I will not even talk about that celebration of violent consumerism that is Black Friday because it makes me dry-heave. What is WRONG with people??
So, after inadequately explaining a surface-level version of all of these things, we were faced with the question: “So… are we gonna do this, or what?” Or, well, more like “Can you feed us?”
To which, B and I looked at each other and issued a resounding F*CK YEAH, we are!
With the support of our neighbours, we planned and executed an amazing event. It started with brewing and bottling homemade beer and cider a month in advance. The menu was determined by imaginings of “traditional” Thanksgiving fare: turkey, stuffing/dressing (I made both), mashed potatoes, gravy, green bean casserole, sweet potato casserole (with marshmallows, naturally), baked mac n’ cheese (made by a neighbour-volunteer), buttermilk biscuits, Parker House rolls, peas, greens, pumpkin pie, pecan pie, sweet tea, and Kool-Aid. Other items were requested, and who am I to say no to these Southern (& etc) favourites: pimiento cheese, key lime pie, hush puppies, horchata and mint juleps. Guests brought a variety of salads, apple pie, ice cream, drinks, sweet potato enchiladas, and the most adorable turkey-themed cupcakes I have ever seen in real life.
I didn’t count, but somewhere in the ballpark of 25-30 people showed up. In the mix, were folx from and/or with roots in Australia, the US, Canada, China, Papua New Guinea, New Zealand, Czech Republic, Holland, Belgium, and Russia. We set up games of cornhole and croquet in the back yard, and had a baby pool out for the littles to splash in. This, of course, got commandeered by the gaggle of 5-7 year old kids, who proceeded to get naked and have a massive water-fight. The slightly older 1o-year-olds walked around arguing tenuously understood scientific theories. And the teenagers skulked around, holing up in bedrooms, sliding through to stealth seconds (and thirds!) of pie, and generally doing whatever teenagers do during holiday gatherings.
Given that it was a school/work night, things started to wind down fairly early- but not before my neighbour was able to show off his sound system, fog machine and laser light set-up. This was a HUGE hit for the kids, and I haven’t stopped hearing about it since. If you are reading this, B- you better get ready for more back yard dance parties at our place.

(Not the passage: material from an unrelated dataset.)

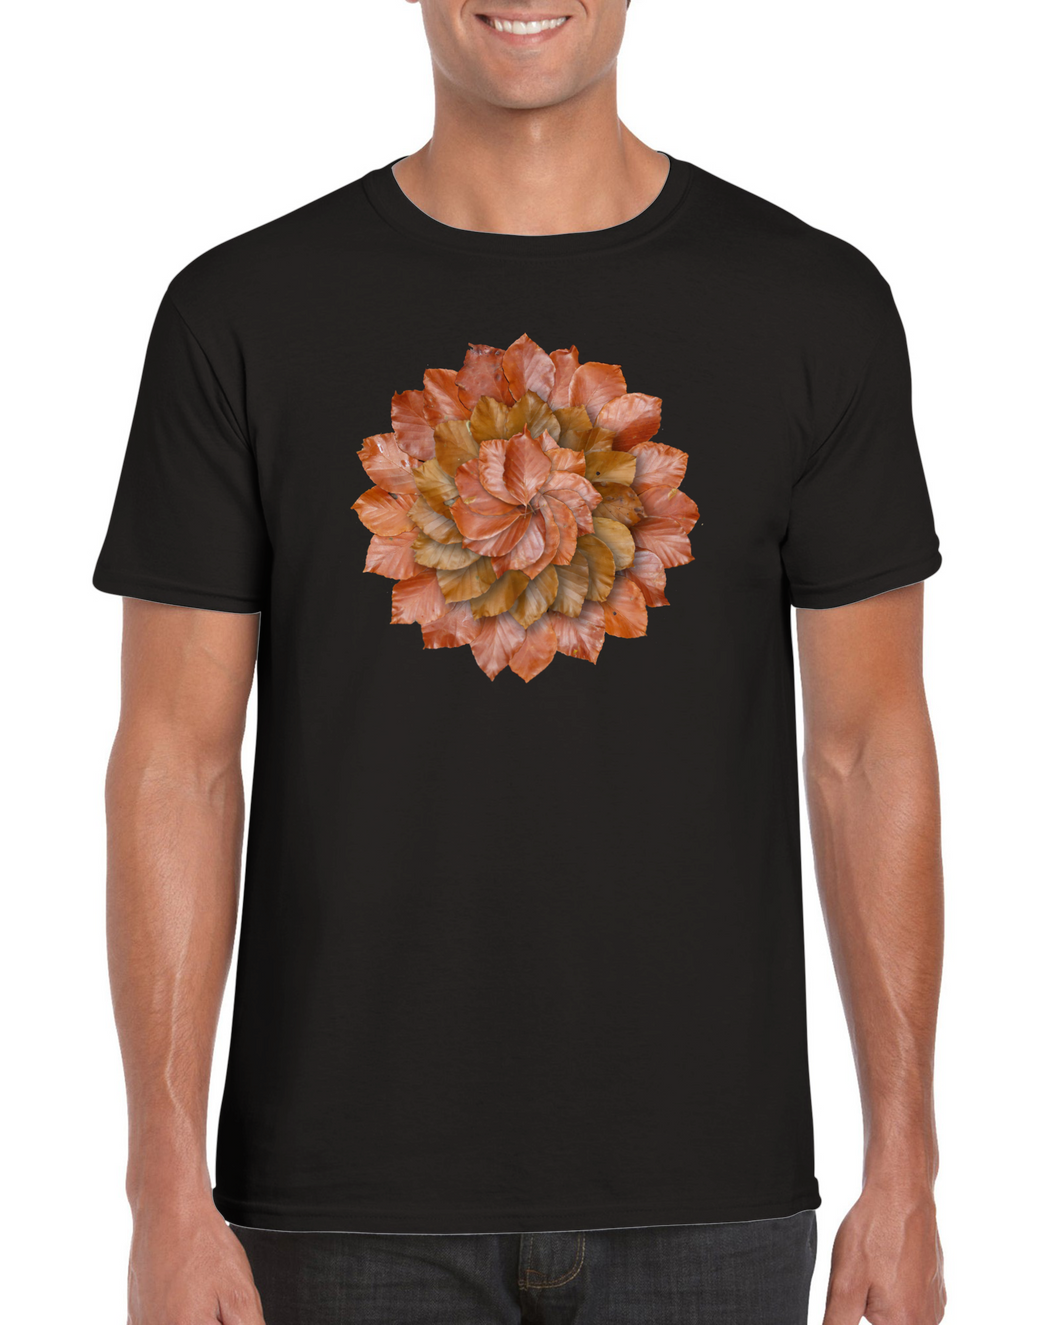 Beech Autumn Leaves - Unisex  T-shirt

I don’t have photos of most of the festivities because I was too busy enjoying them, but here are a few blurry photos for your enjoyment:
Here are a few of me and B, trying our best to be proper hosts…
And, yes, I wore my Standing Rock t-shirt. Because I will always, unapologetically be THAT person at the dinner table- especially at my own table.
We sent everyone home with containers of food, and had leftovers for days. X & O finished off the last of the pie for breakfast (whatever- it’s the Hoooolidaaaays!) today and we’re off to planning our next big event, which may or may not be a Nightmare on Elm Street Before Christmas themed thing, hosted by one of my best babes in the States.